-
Depuis combien de temps n’avait-on pas été à ce point saisi par un début de film ? A vrai dire l’ouverture de The Brutalist nous a quand même rappelé les rumeurs sonores, stridentes et explosives, de La Zone d’intérêt. Ou le plan-séquence du Fils de Saul. Deux films qui, d’une certaine manière, traitent d’une histoire commune, et explorent l’inhumanité. Ici tout commence par un générique monochrome dont la typo très Bauhaus s’inscrit à l’écran de manière fonctionnelle et répétitive. Puis vient le chaos. Un prologue infernal qui ouvre cette oeuvre monstrueuse (dans tous les sens du terme). Pendant quelques minutes, on suit dans un bruit de machinerie industrielle assourdissant, une silhouette. L’homme court à travers un dédale de tuyaux, se cogne contre des gens, s’échappe à travers des coursives, au milieu de cris et d’un vacarme inquiétant. On ne sait pas où l’on est. On ne le saura jamais vraiment. Est-ce un camp ? une ville ? un ghetto ? une prison ? Ce passage illustre les ambitions démesurées du film - résumer en quelques minutes l'Holocauste et l'expérience migratoire du héros. Et quand la silhouette finit par apercevoir le jour, accélérer sa course, c’est pour se retrouver sur un navire devant la Statue de la Liberté. Mais celle-ci est aperçue du point de vue du héros, groggy et lessivé, allongé sur le pont. Et qui voit donc la statue inversée, la tête à l’envers. C’est le symbole de ce qui va suivre.
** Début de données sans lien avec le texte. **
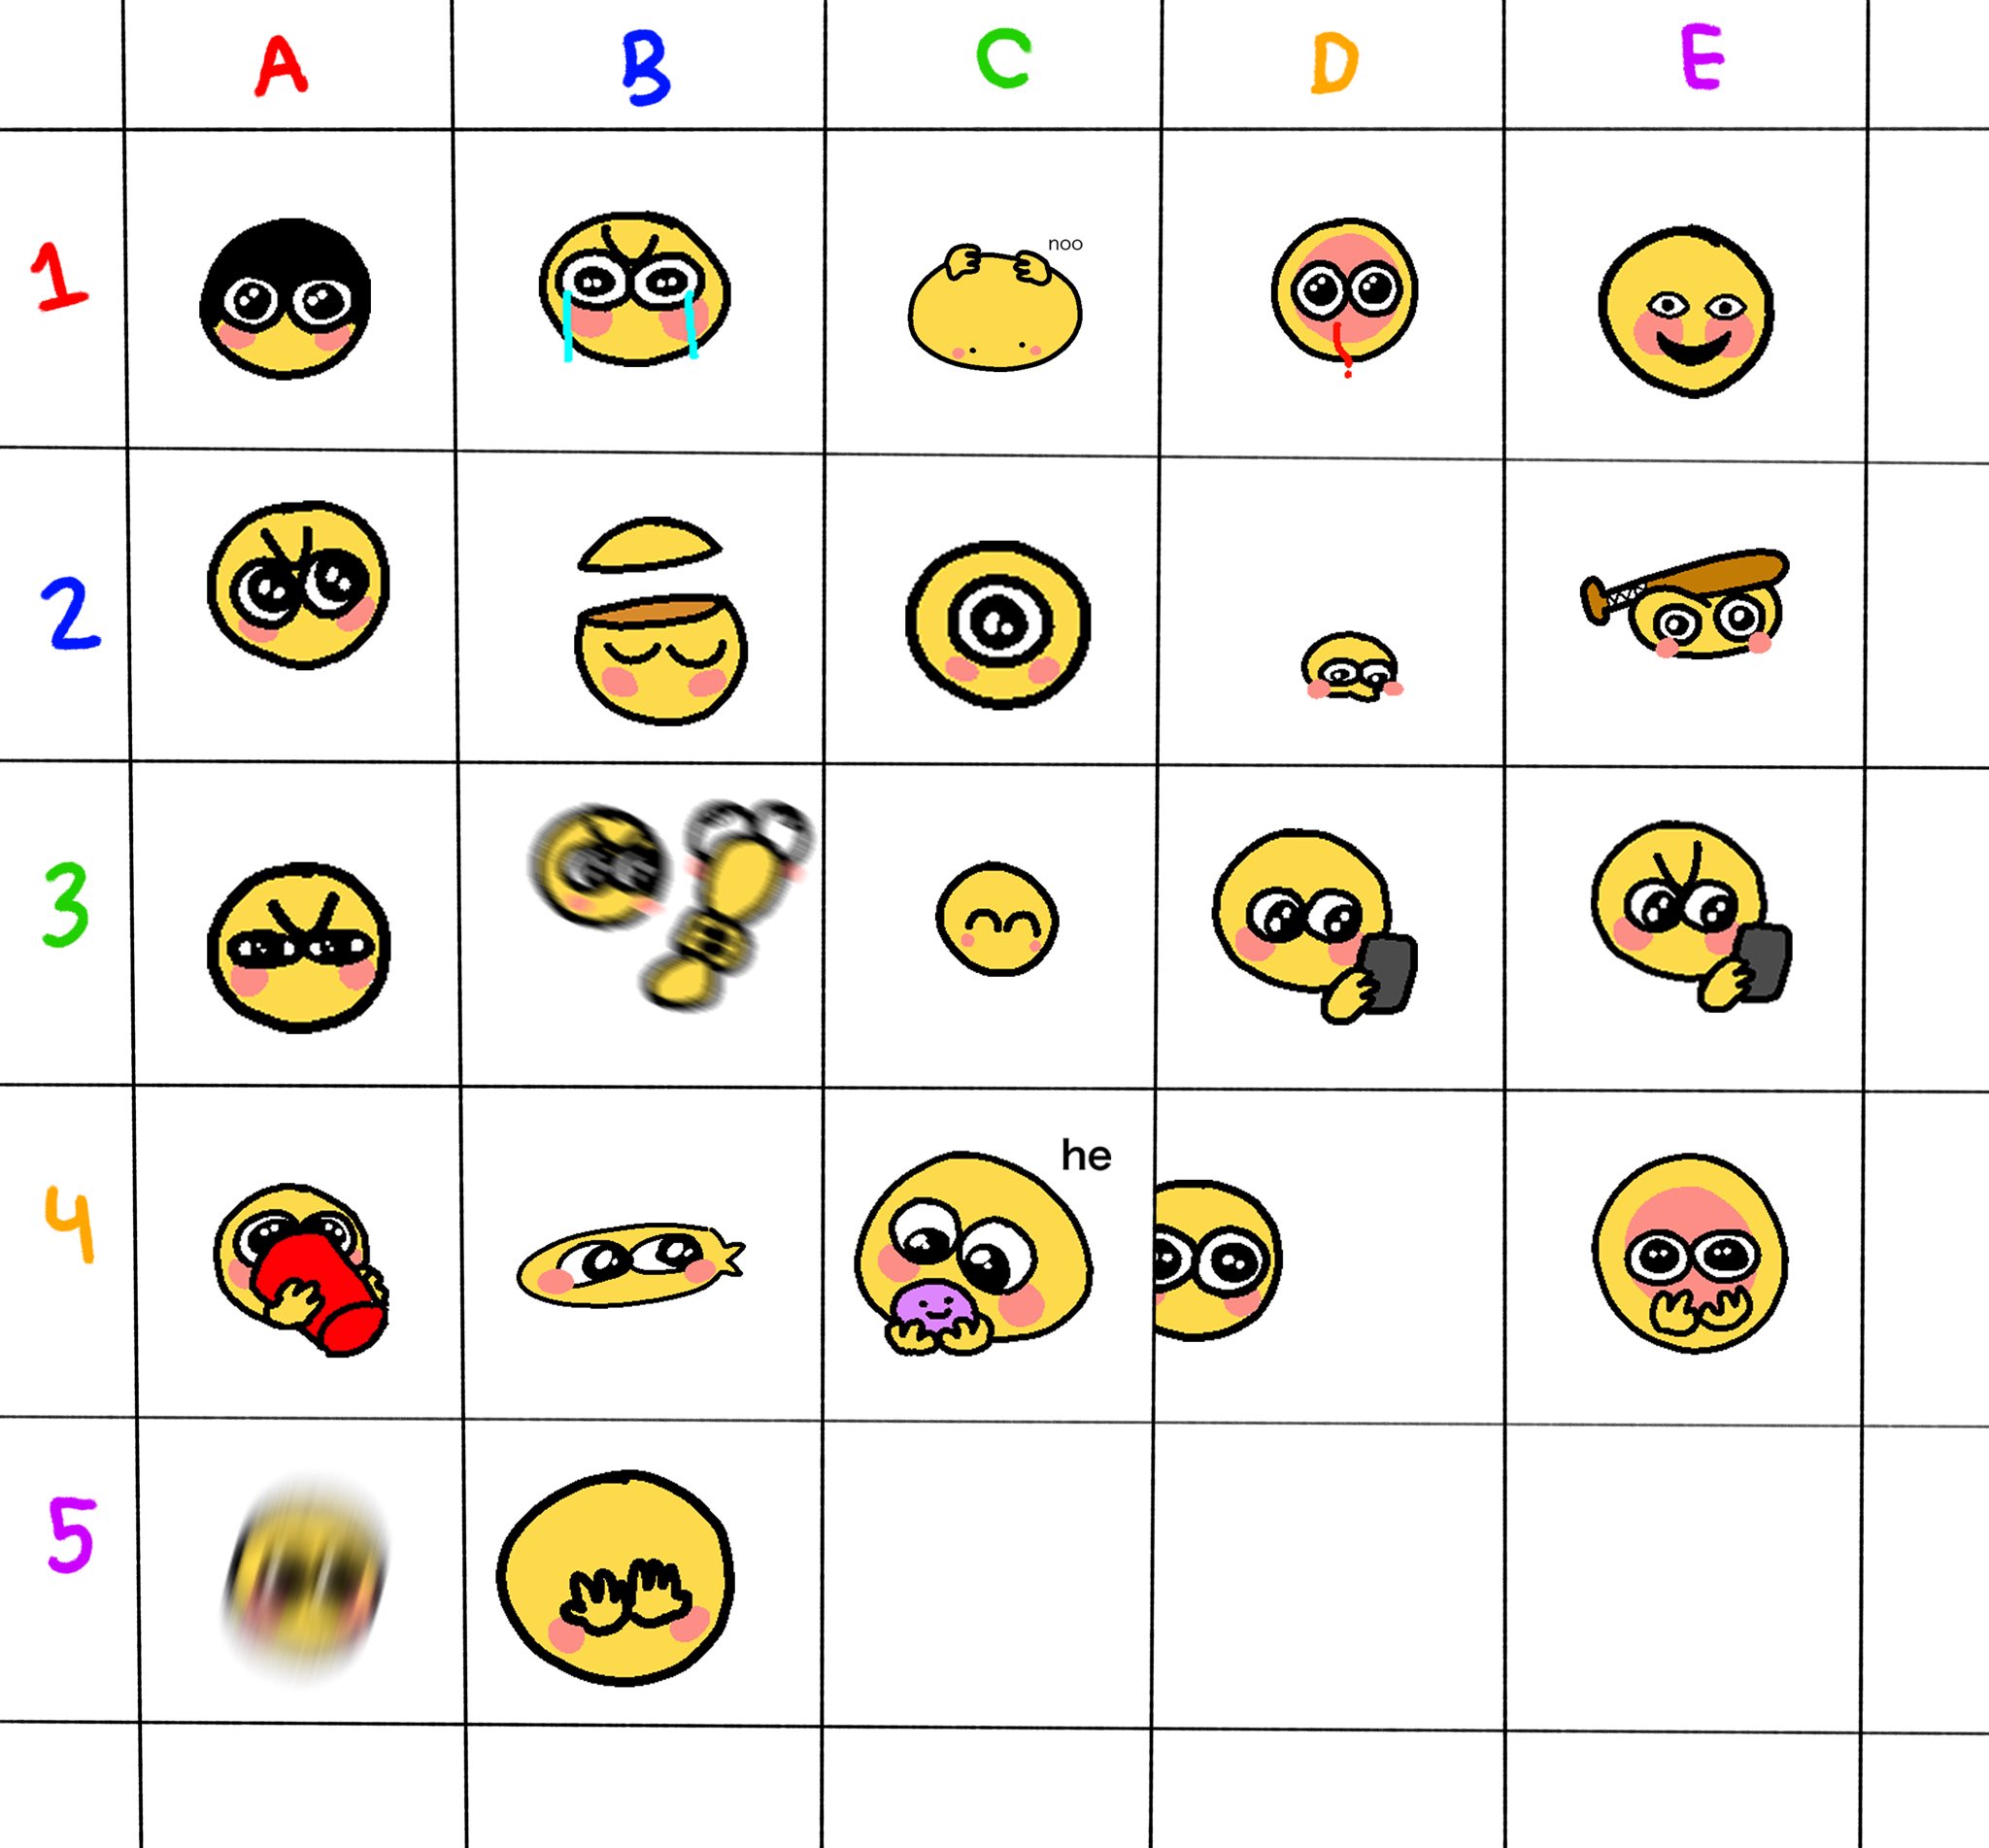 Powercry x Stressed Emoj by VictMangle, Cursed Emojis

Laszlo Toth (Adrien Brody, regard triste et lucide, aussi impressionnant que dans Le pianiste), fut autrefois un architecte de génie à Budapest. Il a fui la guerre qui vient de se finir et il est aujourd’hui condamné à végéter chez son cousin propriétaire d’un magasin de meubles à New York. Un magnat du coin, répondant au nom très WASP de Van Buren (fantastique Guy Pearce, mi rigolard mi inquiétant), va lui donner sa chance et l’engager pour bâtir un projet hors-norme. Intitulé “Enigma of Arrival” ce premier chapitre met en lumière l’extraordinaire virtuosité de Corbet et le talent de son chef opérateur qui utilise le 70 mm de manière radicale. Ample et majestueux, ce segment pose les bases du drame à venir tout en racontant la traditionnelle aventure de l’immigrant américain. Du caniveau jusqu’au sommet.
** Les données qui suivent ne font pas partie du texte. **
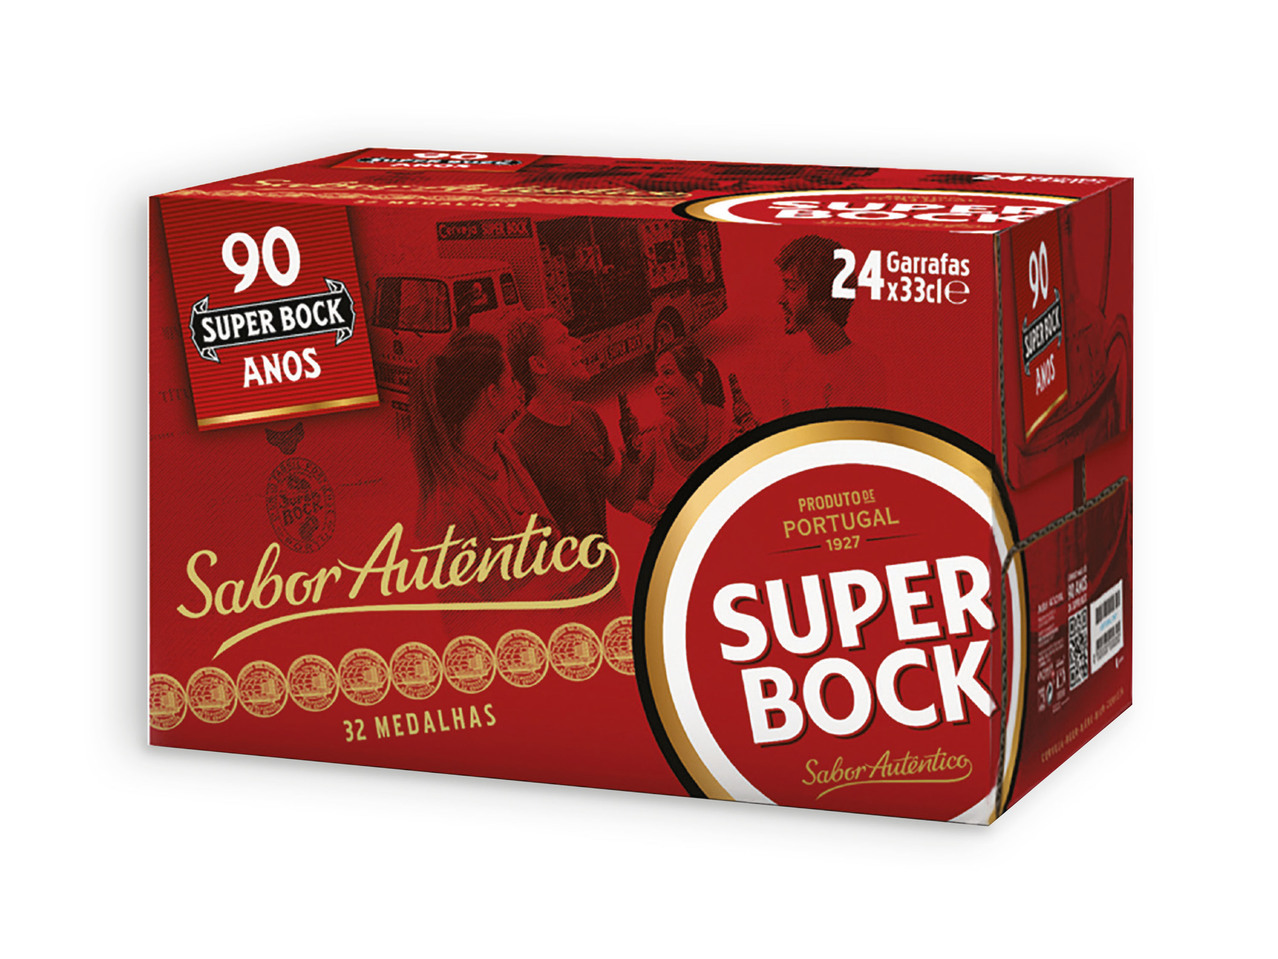 SUPER BOCK(R) Cerveja Pack Económico

Le deuxième chapitre (après un entracte de 15 minutes) va s’employer à détruire tout cela : le film brosse alors le portrait du magnat mégalo et met en scène le fossé culturel qui oppose la naïveté et la « pseudo » innocence américaine au tragique européen, auscultant sans pitié l’antisémitisme fifties des USA, l’un des piliers de l’âge d’or du pays. Toth se heurte progressivement à la haute bourgeoisie protestante qui voit d’un très mauvais œil ce juif, lesté du poids de la vieille culture européenne et qui veut imposer de nouveaux standards de construction, prendre de plus en plus de place dans la communauté. Et alors qu’on s’attendait à voir la quête et la construction d’une oeuvre d’art totale et sublime (le chapitre s’intitule « The Hardcore of Beauty »), ce volet concasse les fondements du rêve américain met en scène la bataille entre la forme et la fonction, entre la beauté et l'horreur, racontant comment l’American Dream est en fait une machine cauchemardesque qui broie les immigrants et recrache leurs cadavres pour nourrir son sol.